Subclassed by lapack::Queue
Public Types
-
using stream_t = void*
Public Functions
-
Queue()
Default constructor. Uses device 0.
-
Queue(int device)
Construct queue for specified device.
- Parameters:
device – [in] Device ID to use
-
Queue(int device, stream_t &stream)
Construct queue with specified device and stream.
- Parameters:
device – [in] Device ID to use
stream – [in] Pre-existing stream to use
-
~Queue()
Destructor. Synchronizes and frees resources.
-
inline int device() const
Get device ID associated with this queue.
- Returns:
Device ID
-
void sync()
Synchronize all operations on this queue.

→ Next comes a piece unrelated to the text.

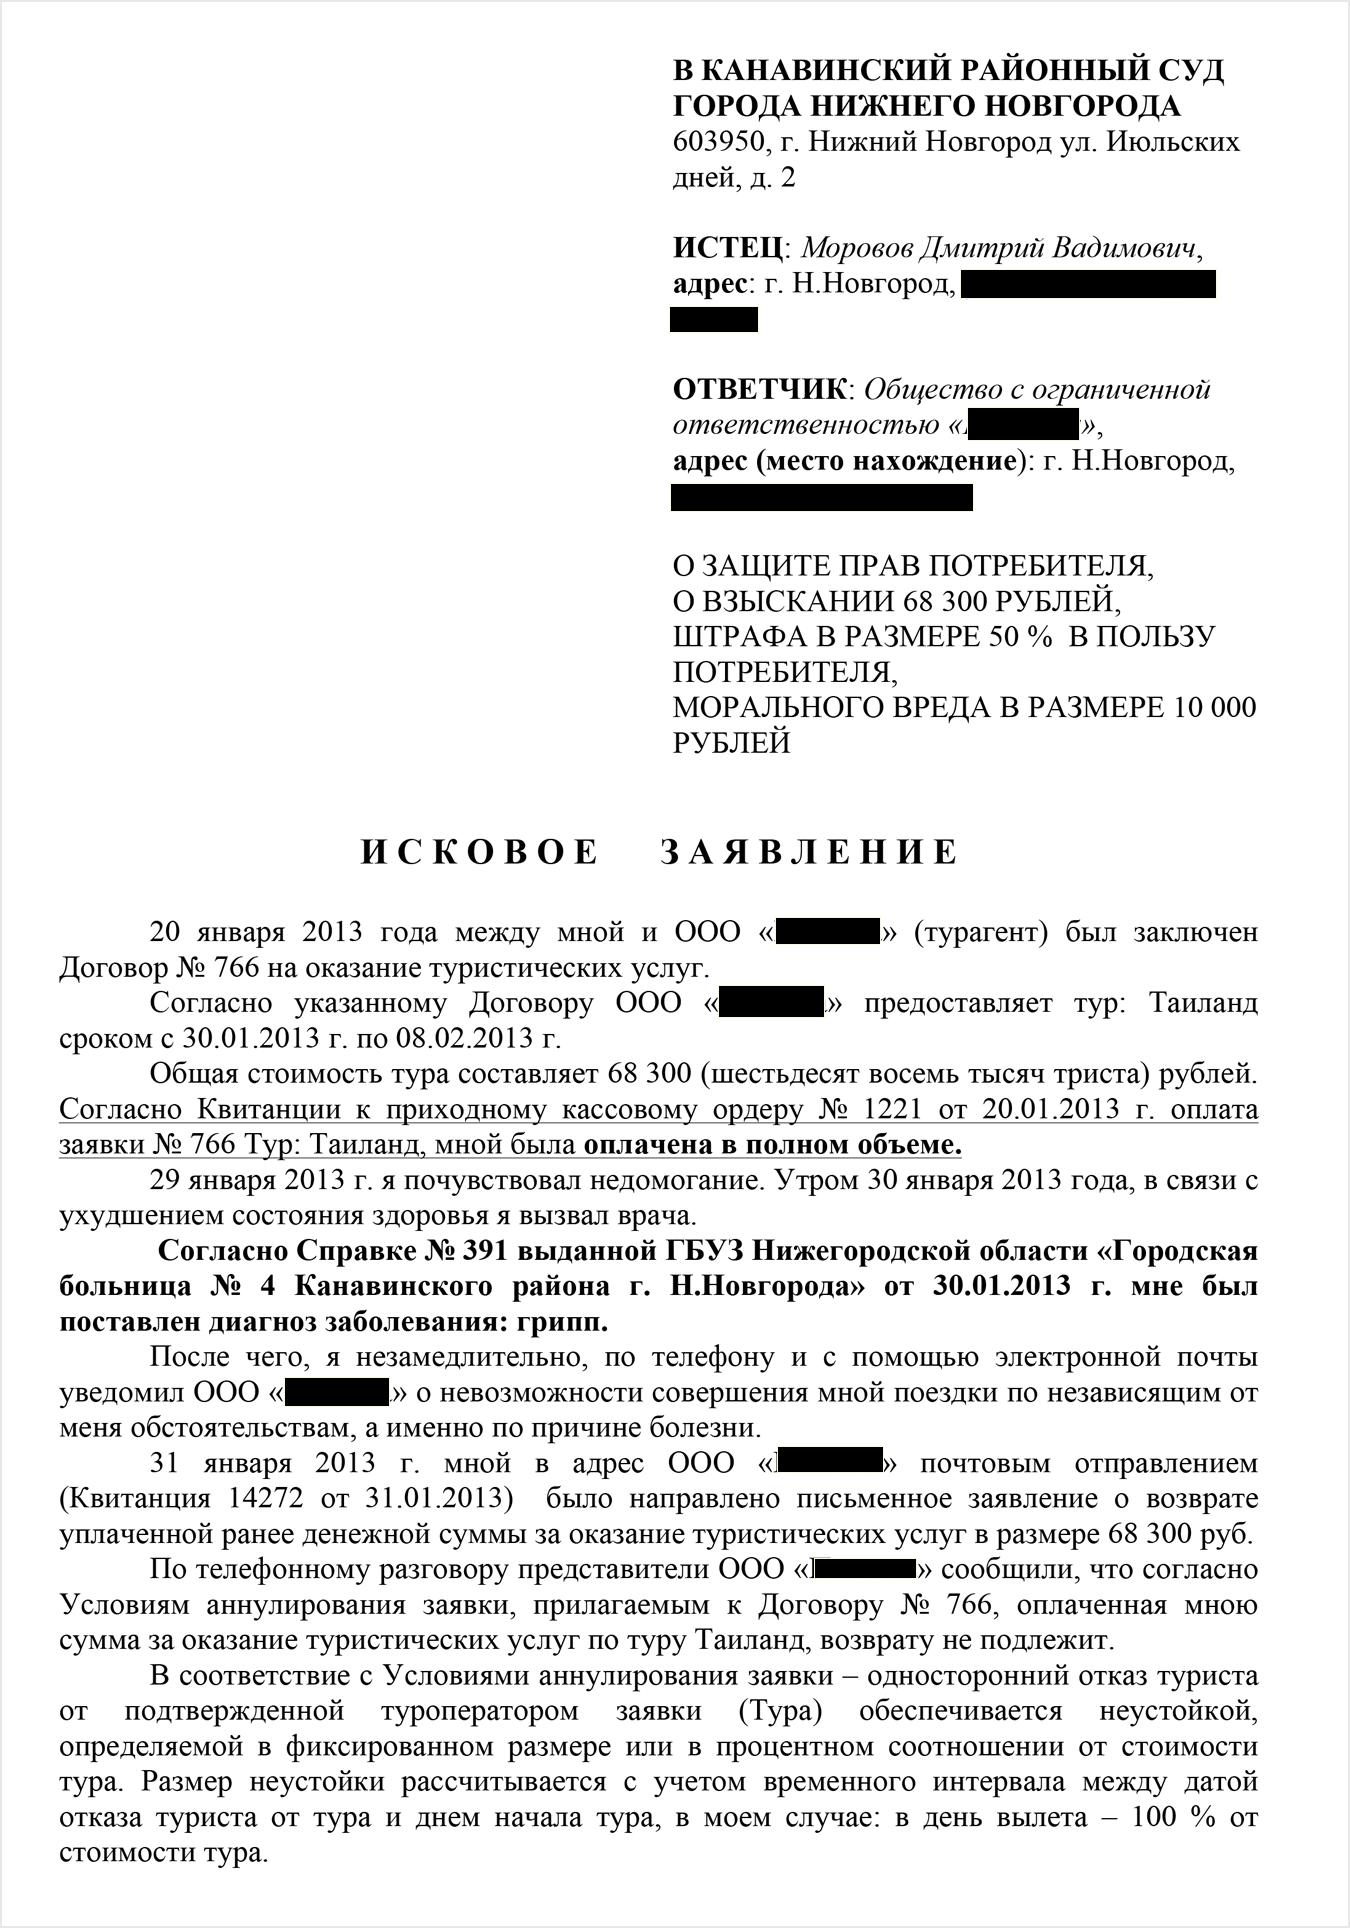 Исковое заявления заняло четыре страницы: в нём я описываю обстоятельства дела и обосновываю свои претензии ссылками на законы

Blocks until all queued operations complete.
-
inline void *work()
Get pointer to device workspace.
- Returns:
Pointer to device workspace memory
-
template<typename scalar_t>
inline size_t work_size() const Get size of device workspace.
- Template Parameters:
scalar_t – Element type for size calculation
- Returns:
Size of workspace in number of scalar_t elements
-
template<typename scalar_t>
void work_ensure_size(size_t lwork) Ensure device workspace is at least specified size.
Ensures GPU device workspace is of size at least lwork elements of scalar_t, synchronizing and reallocating if needed.
Reallocates if necessary, synchronizing first.
Allocates at least 3 * MaxBatchChunk * sizeof(void*), needed for batch gemm.
- Parameters:
lwork – [in] Minimum workspace size in scalar_t elements
lwork – [in] Minimum size of workspace.
- Template Parameters:
scalar_t – Element type for size calculation
-
void fork(int num_streams = MaxForkSize)
Switch from default stream to parallel streams.
Enables concurrent kernel execution across multiple streams.
- Parameters:
num_streams – [in] Number of parallel streams (default: MaxForkSize)
-
void join()
Switch back to the default stream.
Synchronizes all parallel streams and returns to single-stream mode.
-
void revolve()
Rotate to the next stream in the queue.
Used with fork() to distribute work across parallel streams.
Device Memory and Batch Operations
See blaspp/include/blas/device.hh and blaspp/include/blas/batch_common.hh for:
Device Memory Functions:
- device_malloc() - Allocate device memory
- device_free() - Free device memory
- device_memcpy() - Copy between host and device
- device_malloc_pinned() - Allocate pinned host memory
- device_free_pinned() - Free pinned host memory
- get_device_count() - Query number of GPU devices
Batch Operation Validators:
- gemm_check() - Validate batch GEMM parameters
- trsm_check() - Validate batch TRSM parameters
- trmm_check() - Validate batch TRMM parameters
- hemm_check() - Validate batch HEMM parameters
- herk_check() - Validate batch HERK parameters
- symm_check() - Validate batch SYMM parameters
- syrk_check() - Validate batch SYRK parameters
- her2k_check() - Validate batch HER2K parameters
- syr2k_check() - Validate batch SYR2K parameters
All batch operations execute asynchronously on device queues and support CUDA, ROCm/HIP, and SYCL backends.